DataPktType::store(ostream& os)
{
   os << MyList.size(); // gotta know how many to extract later

   for (auto it = myList.begin(); myList.end(); it++)
   {
      it->store(os); // tell the SType to store itself at this point in the stream
   }

   os << filename;
   os << numslaves;
}

Then, the 'inverse' might be something like

DataPktType::restore(istream& is)
{
   size_t listSize = 0;
   is >> listSize;  
   // input error checks

   for(size_t i=0; i<listSize; ++i)
   {
      SType listItem;

      listItem.restore(is); // assumes the list item contents are 'next' in the file

      MyList.push_back(listItem); // I don't use std::list often, 
      // there seems to be several choices for adding to a list
   }

   is >> filename;
   is >> numslaves;
}

These are the kinds of things I think you need to do.

Notice no pointers go into the streams.

Notice that the symmetry is not perfect, but you will have to figure out how to handle each action.

In my effort, I believe I added some simple checks along the way ...

Also, my team used text for the first implementation.

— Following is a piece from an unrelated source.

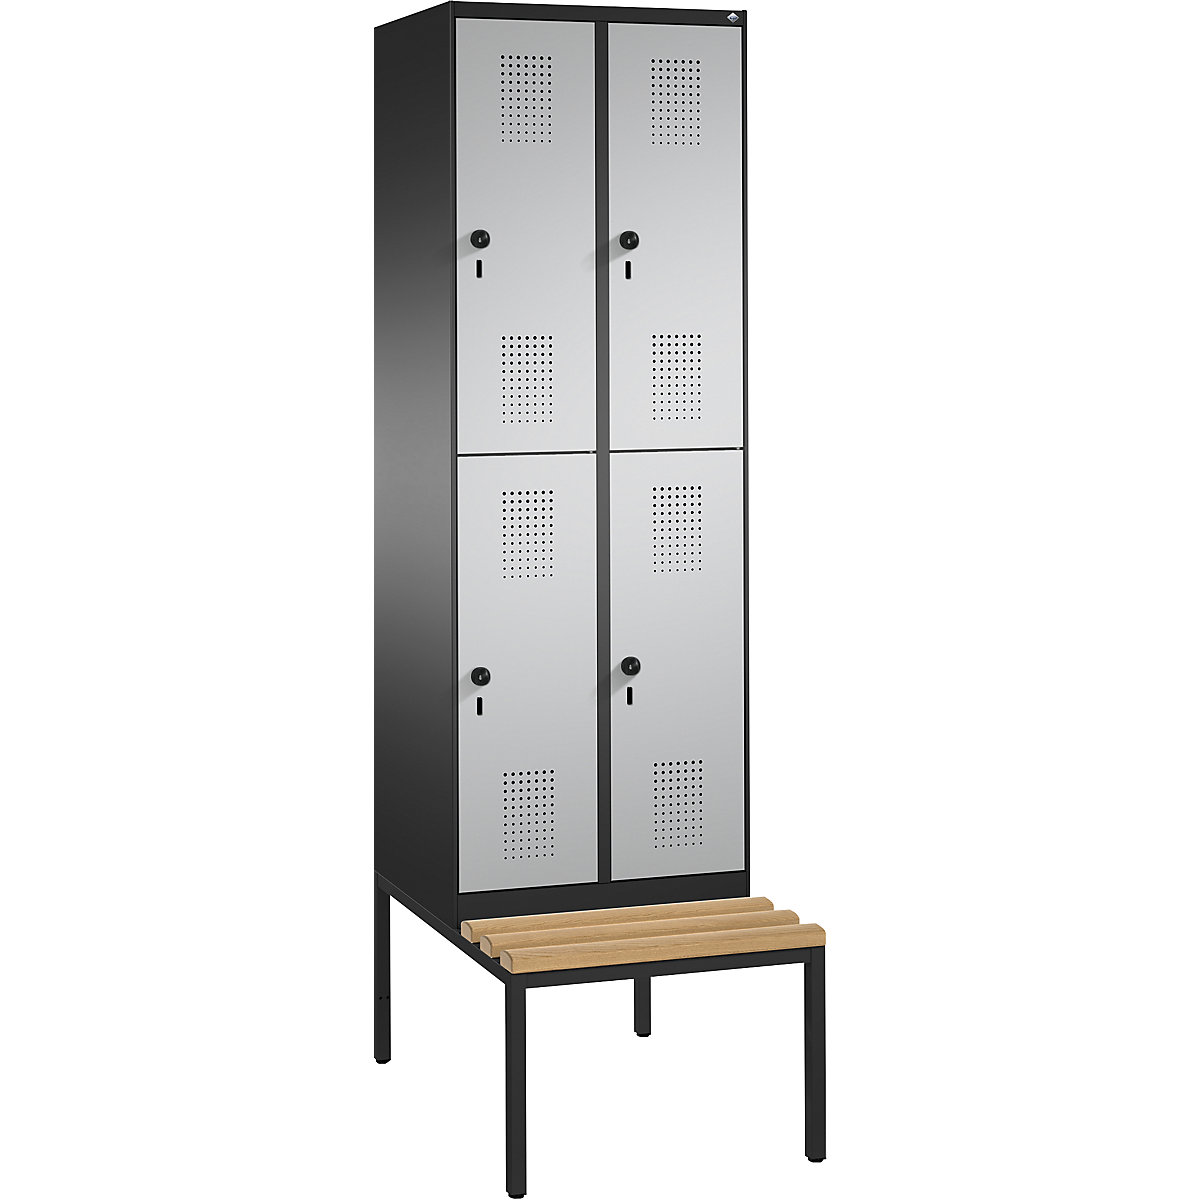 EVOLO cloakroom locker, double tier, with bench – C+P, 2 compartments, 2 shelf compartments each, compartment width 300 mm, black grey / white aluminium-11

As a human, that will be much easier to debug, and you can use an editor to debug 'symmetry' issues.

Furthermore, you may find that the text i/o performance is adequate, and thus just leave it as text.

We had some tight deadlines, and ultimately chose the binary i/o. But we kept the text i/o simply to test.

Good luck.

PS - we eventually added a 'version' number for the contents of store/restore, to support struct changes during evolution of the project code.